Detailed descriptions of our framework can be found in sections 4.2 and 4.3. We sincerely wish our claims can solve this misunderstanding and we are always willing to add more clarifications if needed!
REVIEWER: the paper is a very simple extension of previous approaches which assume no replanning.
RESPONSE: We are afraid there exist factual errors in this claim. In fact, previous works have already considered re-planning and acted as baselines in our paper (Inner monologue[1]). The advance and effectiveness of our methods lie in how to acquire more precise and frequent feedback, which leads to immediate recovery, as we mentioned above. Experiments in various types of environments and robots further verified the effectiveness of our methods.

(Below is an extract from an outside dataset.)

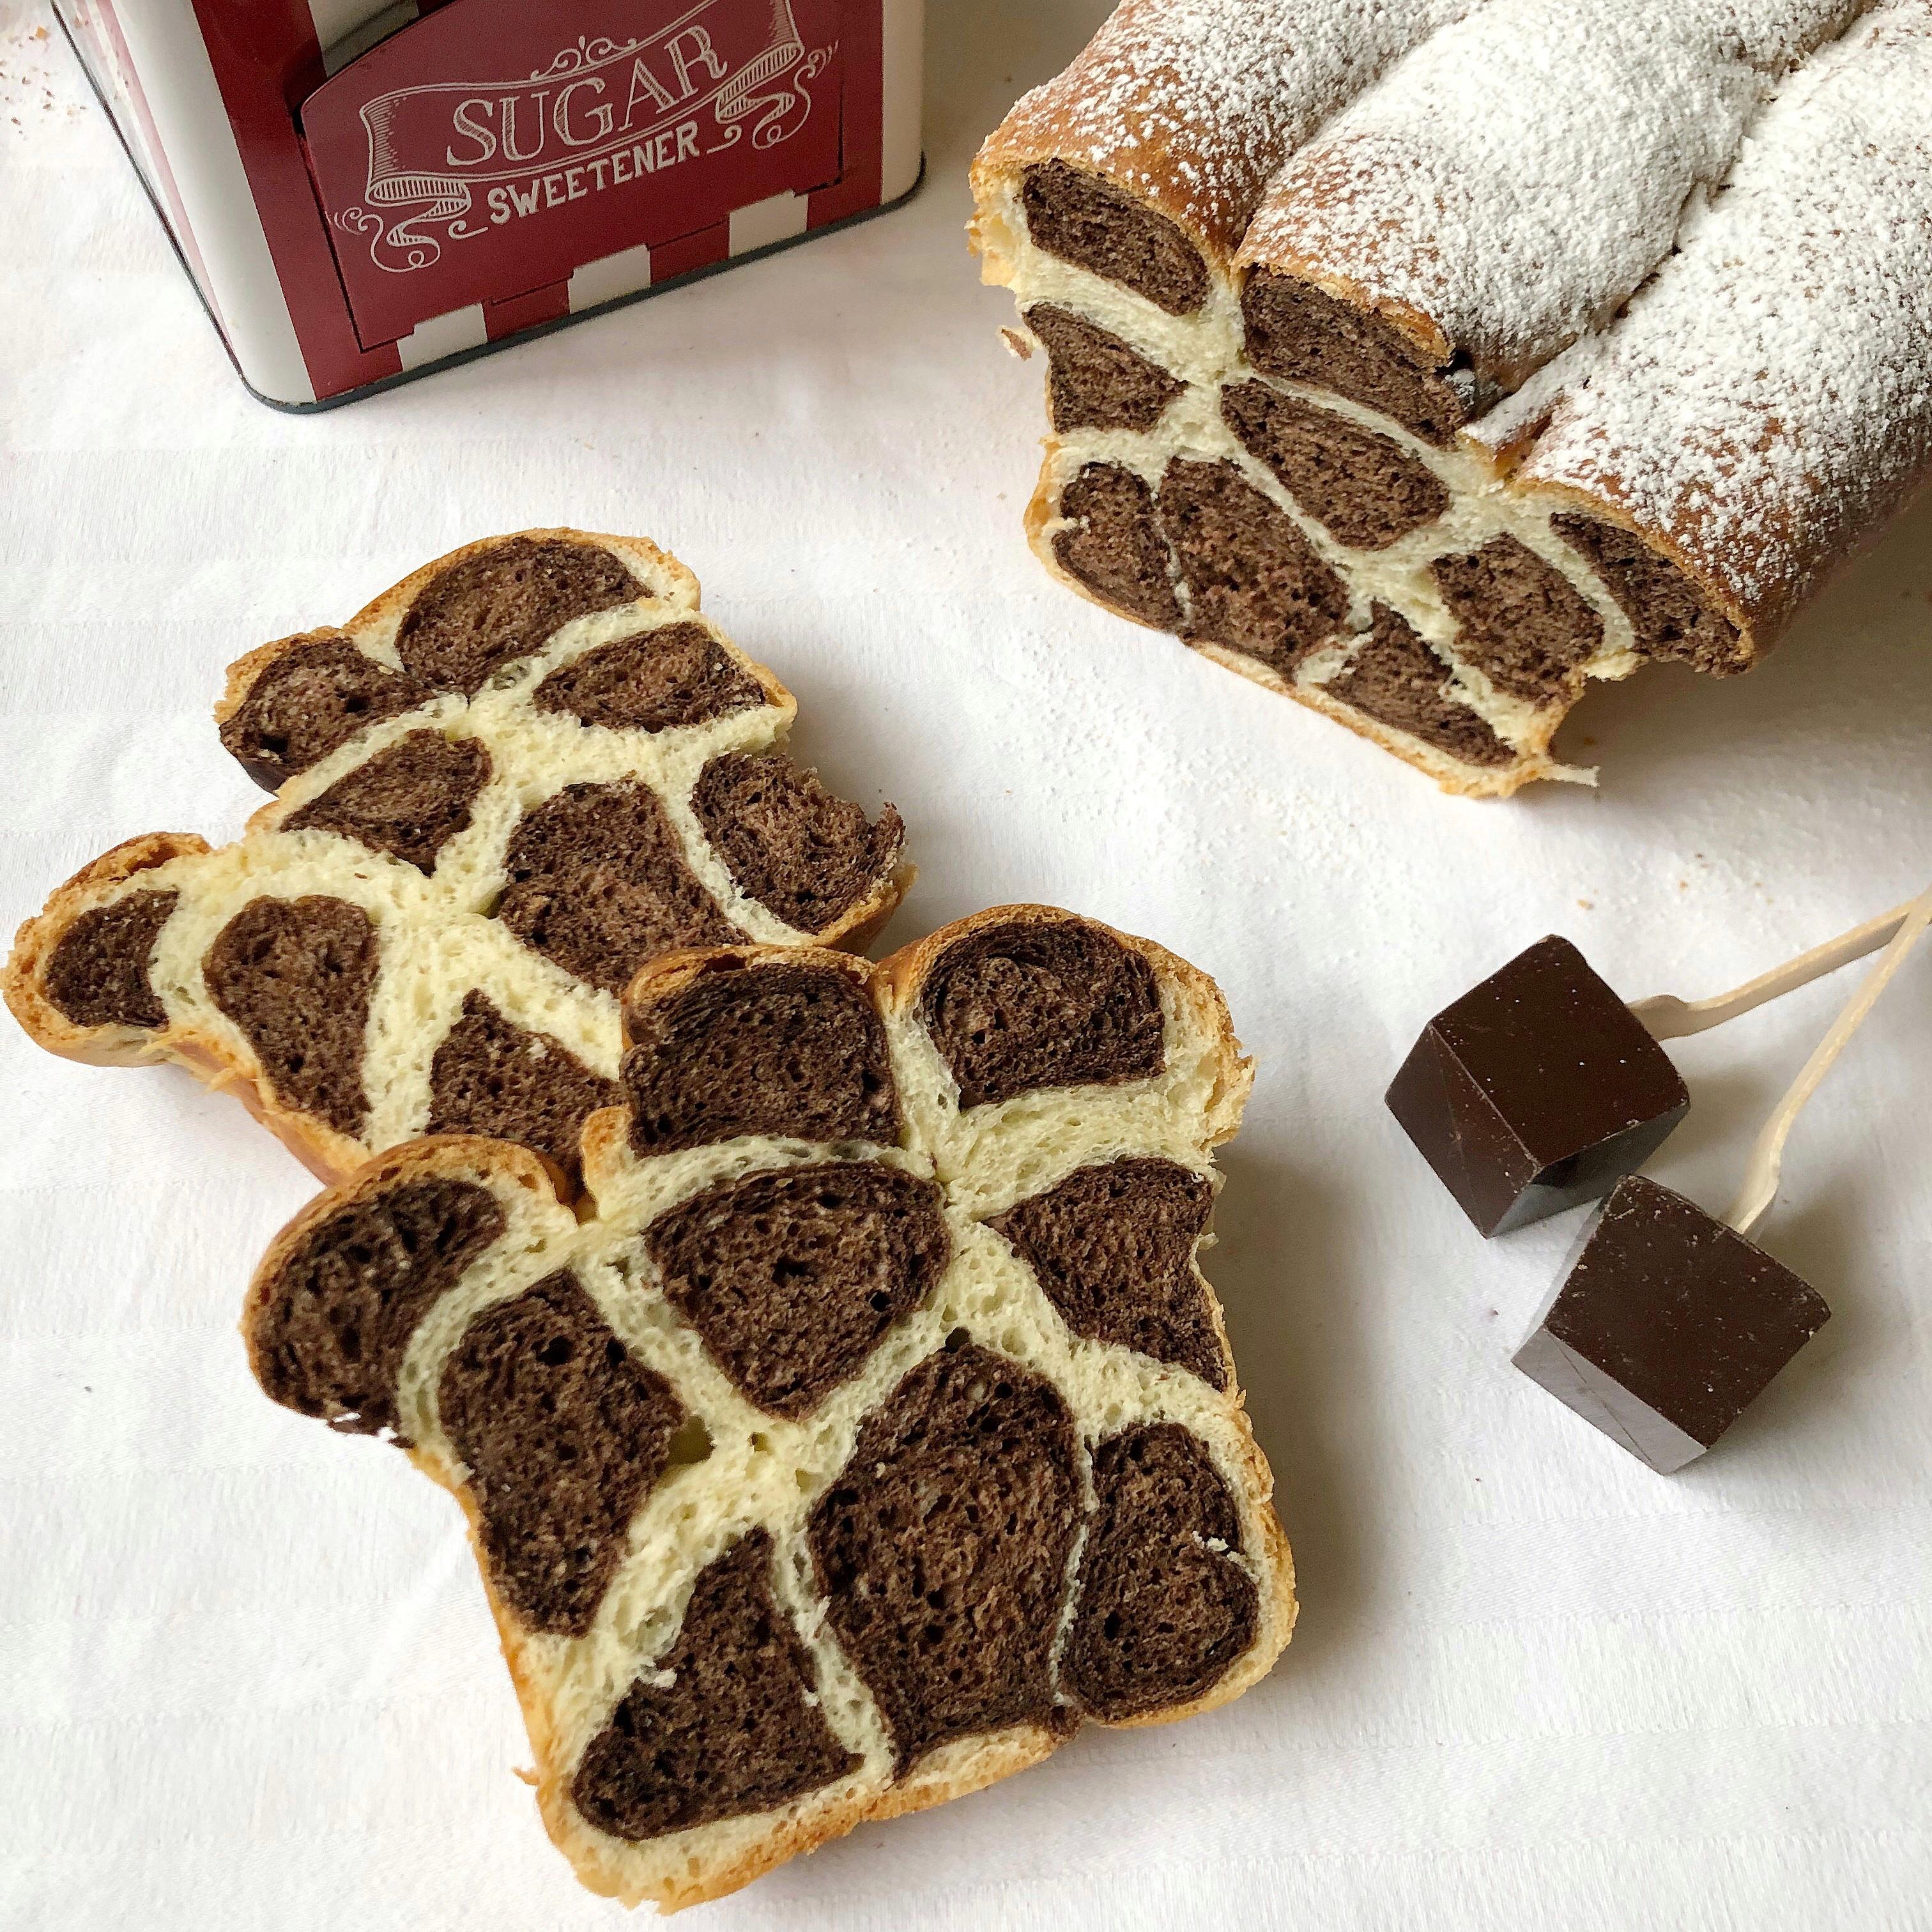 Panbrioche Leopardato Senza Burro, un dolce speciale e scenografico di dolci senza burro

[1] Huang W, Xia F, Xiao T, et al. Inner monologue: Embodied reasoning through planning with language models[J]. arXiv preprint arXiv:2207.05608, 2022.
REVIEWER: Moreover, since VLMs have been used for success/failure detection previously, the use of VLMs to detect skill failures is not really novel and the only component that this paper adds is a very trivial LLM replanning step
RESPONSE: We totally agree that VLMs have been used for success/failure detection previously, and we also mentioned them and discussed their shortage in related works of section 3. Instead of a success detector, We would like to clarify we use VLMs in a more general way to check the constraints reasoned by LLMs, which results in more precise and frequent feedback. The precise feedback further helps LLM to effectively re-plan. Experiments also verified our collaborative approach between LLMs and VLMs is much better than just success detectors.
Why do we use VLM for skill failures but not value functions?
RESPONSE: Thank you for your insightful comment! We would like to provide some reasons why we use VLM instead of value functions.
-
First, in many situations, low-level skill failures are rooted in the imperfectness of the skill or, equivalently, the skill value function. In addition, value functions are likely to be inaccurate in out-of-distribution states[1,2], which may fail to detect the accident.
-
Second, it may be difficult for low-level skills to consider all types of constraints. For example, locomotion skills mainly focus on the legs of the robots, and it is difficult for the locomotion policy to detect whether the objects in the hands are dropped.
-
Third, many skills are driven through model-based control or imitation learning, in which access to value functions might not be available. This circumstance underscores the necessity for an external detector to identify any violations of constraints during the execution process.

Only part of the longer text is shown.